Eva Aeppli (2 May 1925 – 4 May 2015) was a Swiss artist.

Personal life
Born on 2 May 1925 in  Zofingen, Switzerland, Aeppli spent her childhood in Basel where she attended the School of Decorative Arts.  Her father was a Waldorf educator and child development author, Willi Aeppli, who worked with Rudolf Steiner.

She moved to France in 1952 with her second husband, the sculptor Jean Tinguely. Subsequently, she began her artistic career as a painter in Paris.
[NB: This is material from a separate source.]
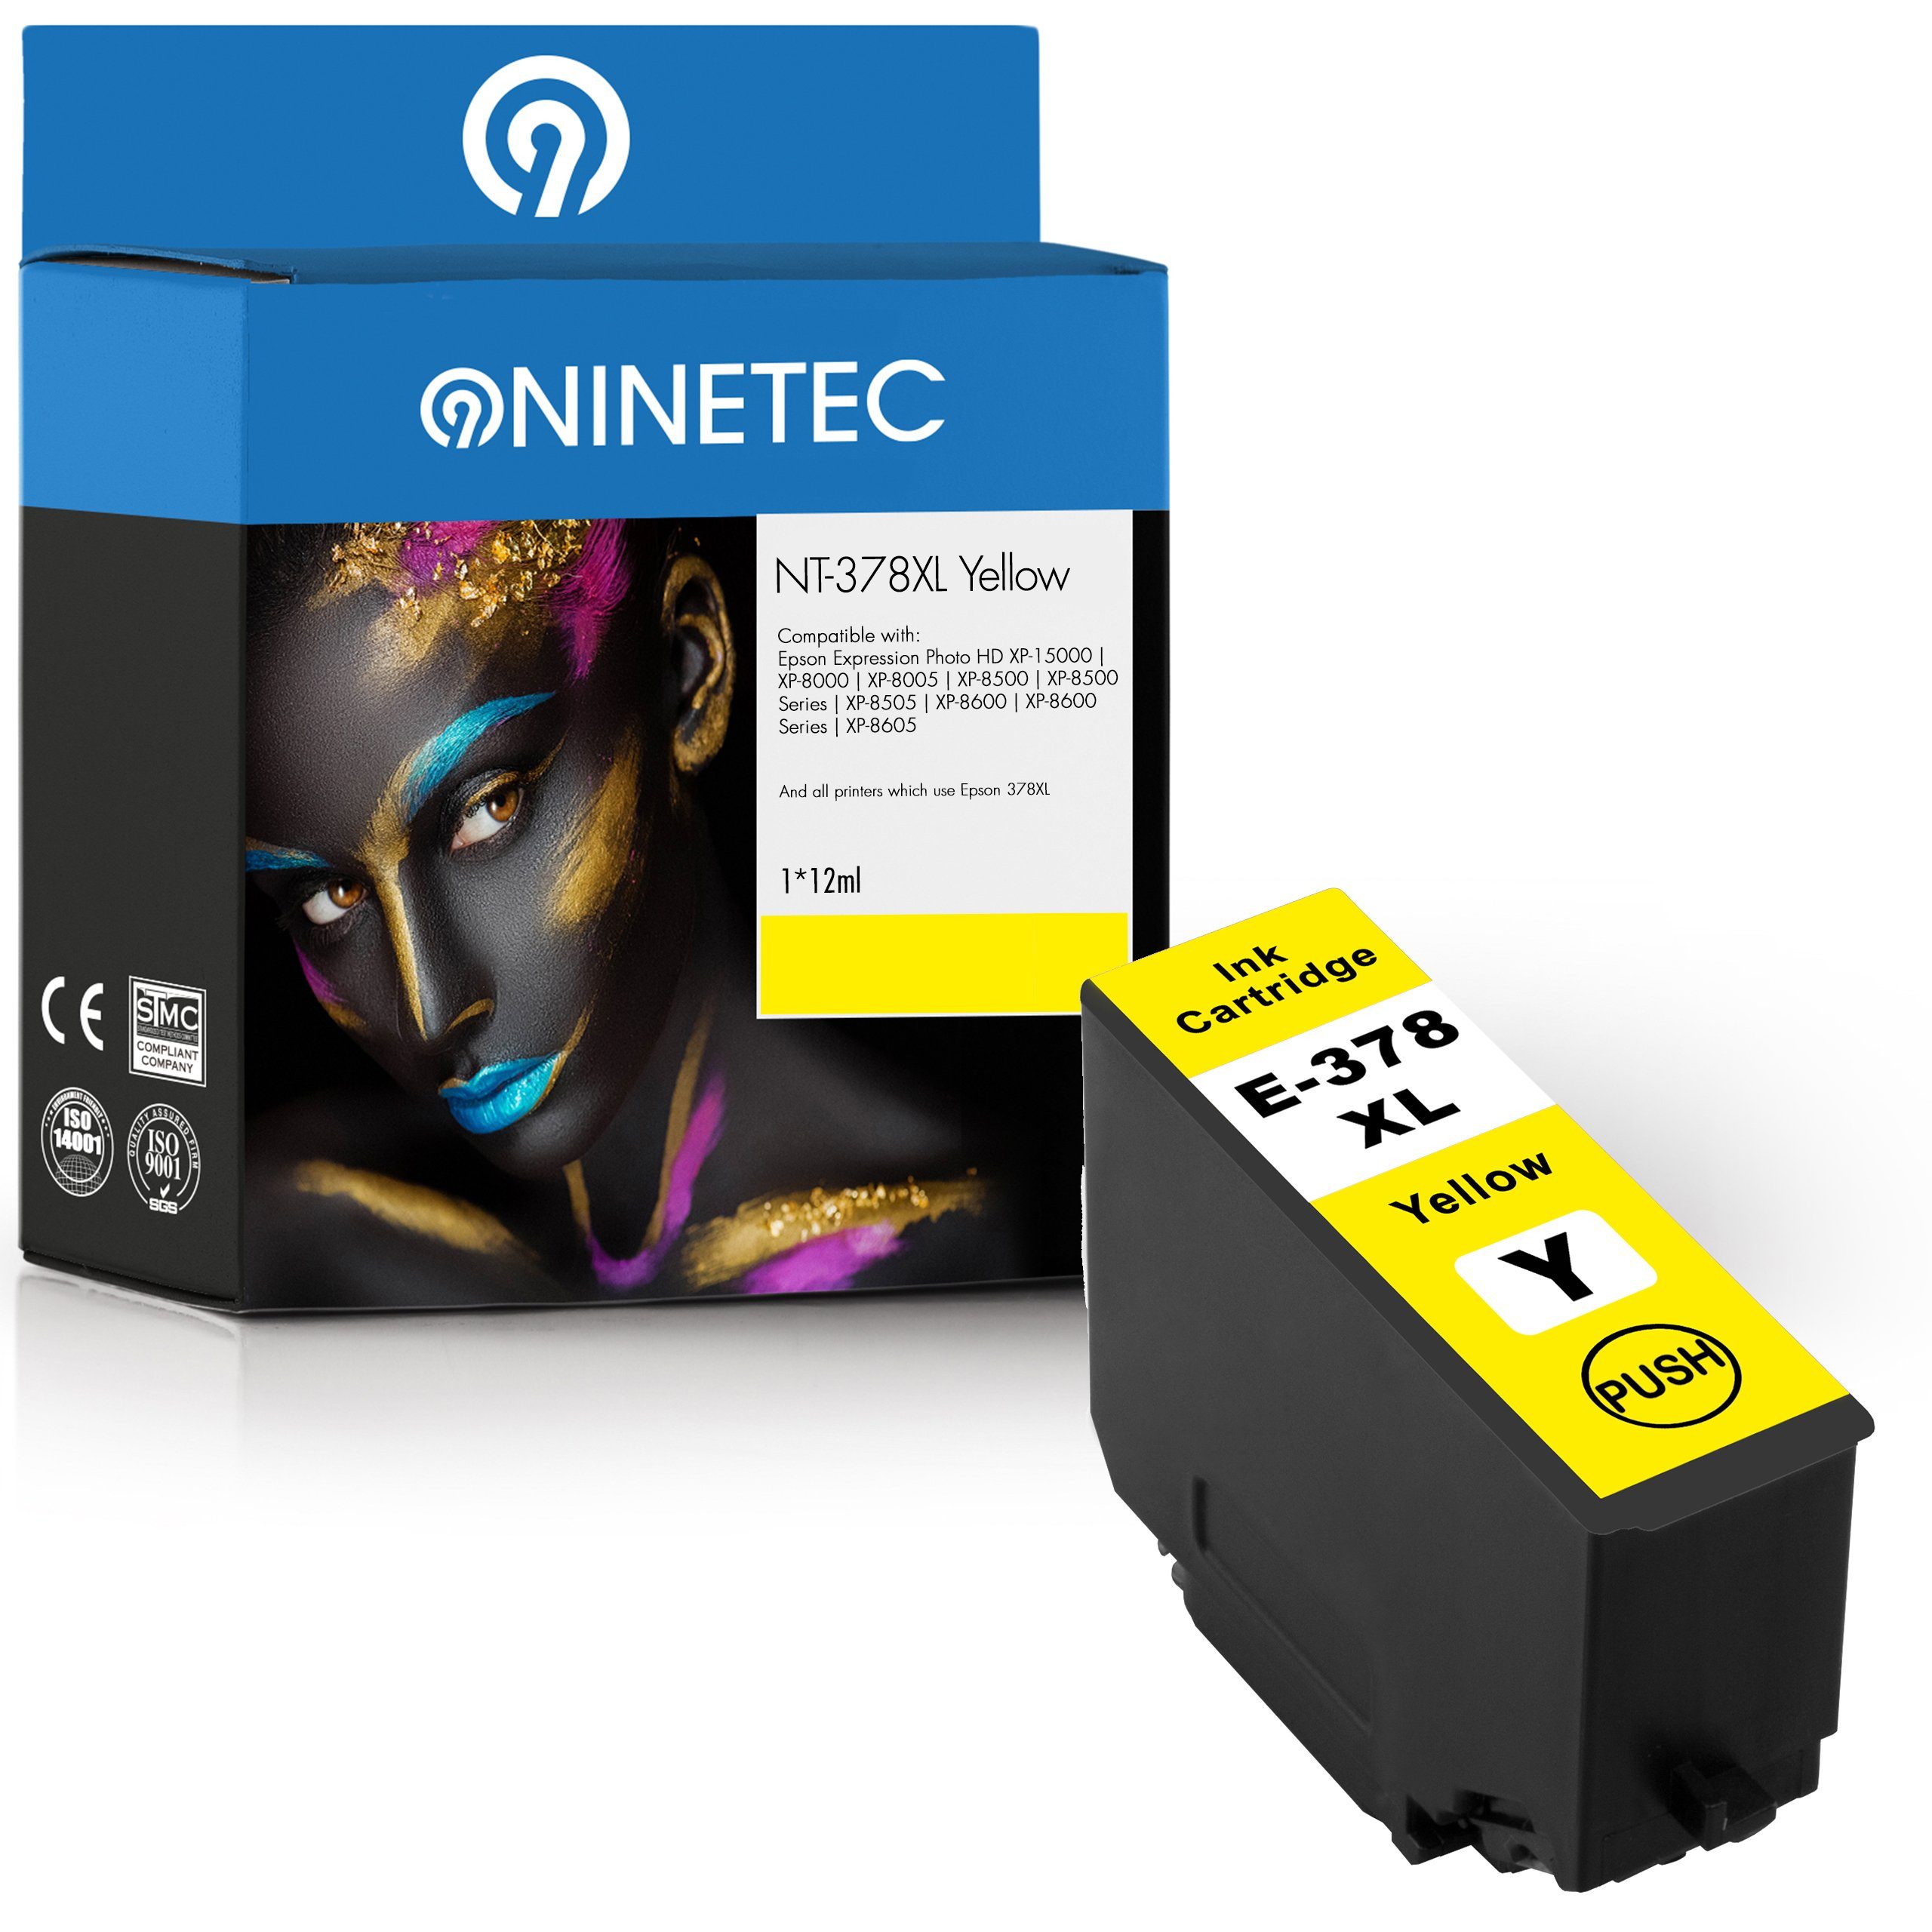 T3794 Epson ersetzt Tintenpatrone Yellow 378XL NINETEC
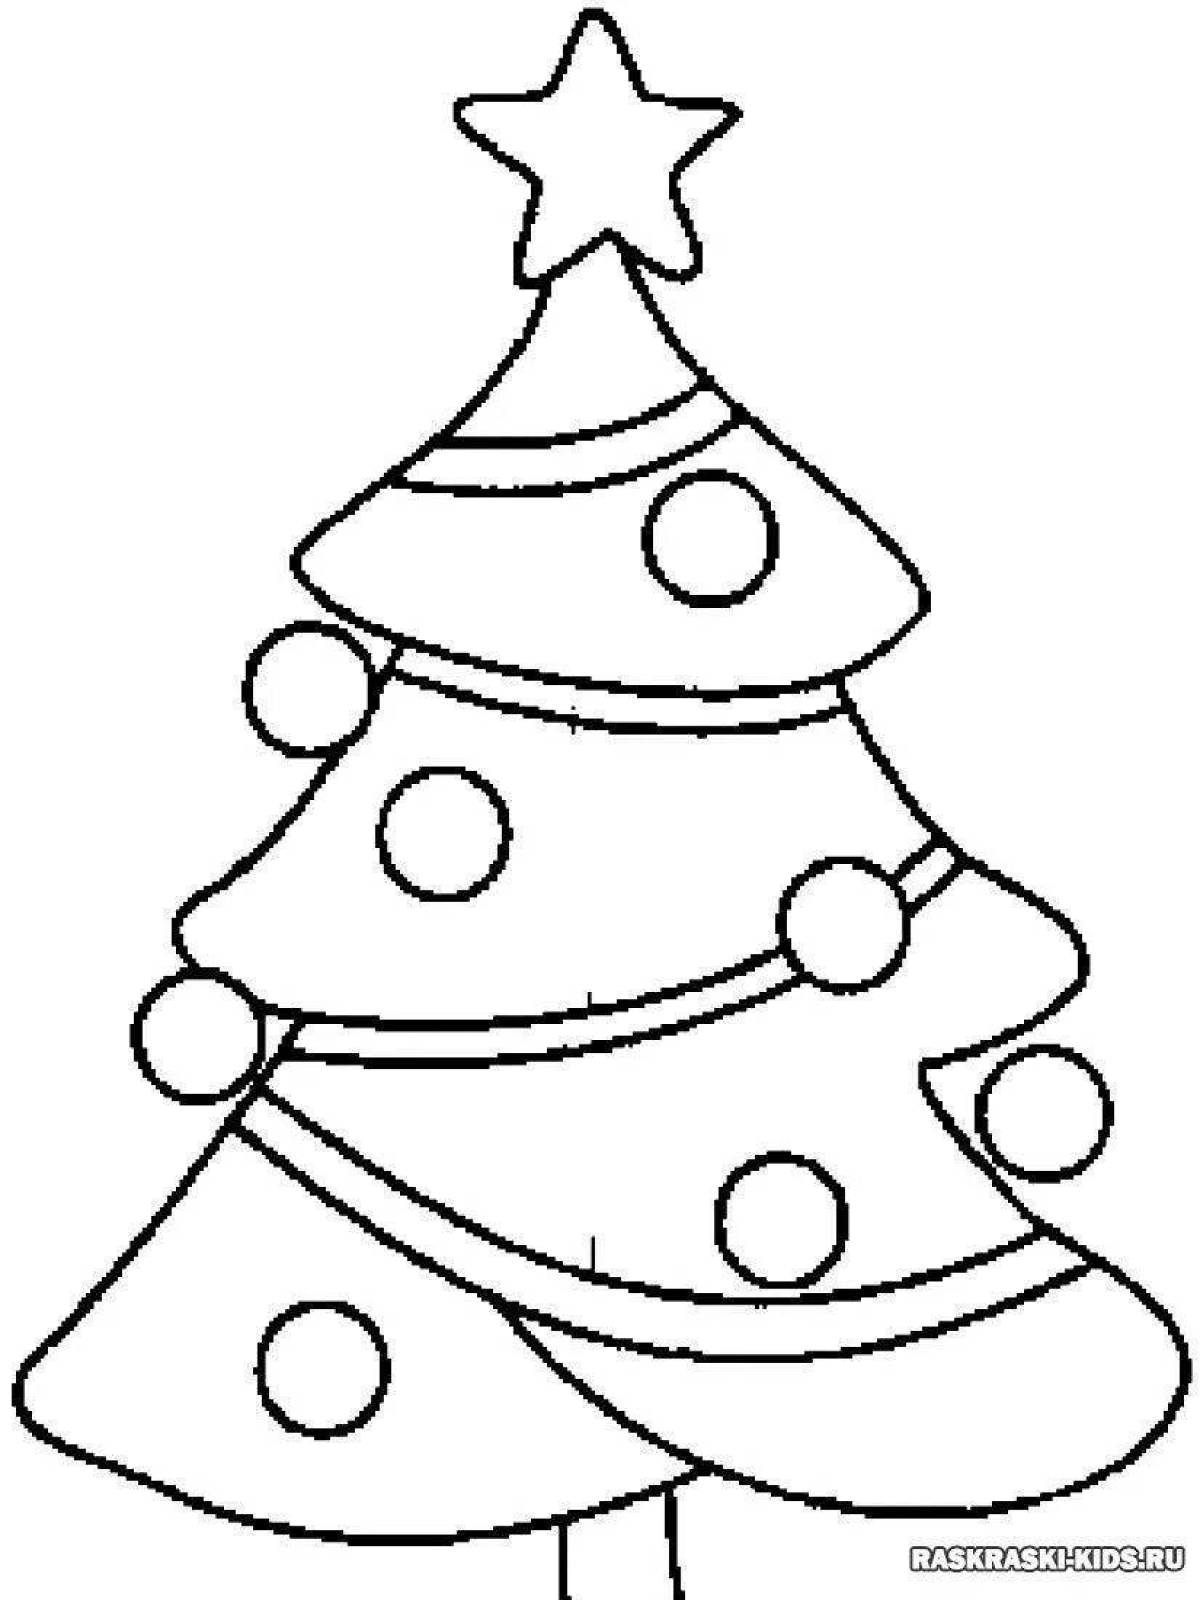 Ярко раскрашенная страница раскраски рождественской елки

From 1954 to 1960 Aeppli and Tinguely shared a living and working space, at the Impasse Ronsin, opposite Constantin Brâncuși's which had been there since 1916. They belonged to the Parisian avantgarde with other artists Daniel Spoerri, Yves Klein and Niki de Saint-Phalle.  Eva Aeppli became interested in sculpting figurines in textile and in bronze.

In 1975, she discovered astrology thanks to Jacques Berthon and the painter Eric Leraille. Fifteen years later, she decided to combat poverty, oppression and ignorance by creating the Myrrahkir Foundation.  Aeppli lived until the age of 90. Aeppli died on 4 May 2015 in Honfleur, France.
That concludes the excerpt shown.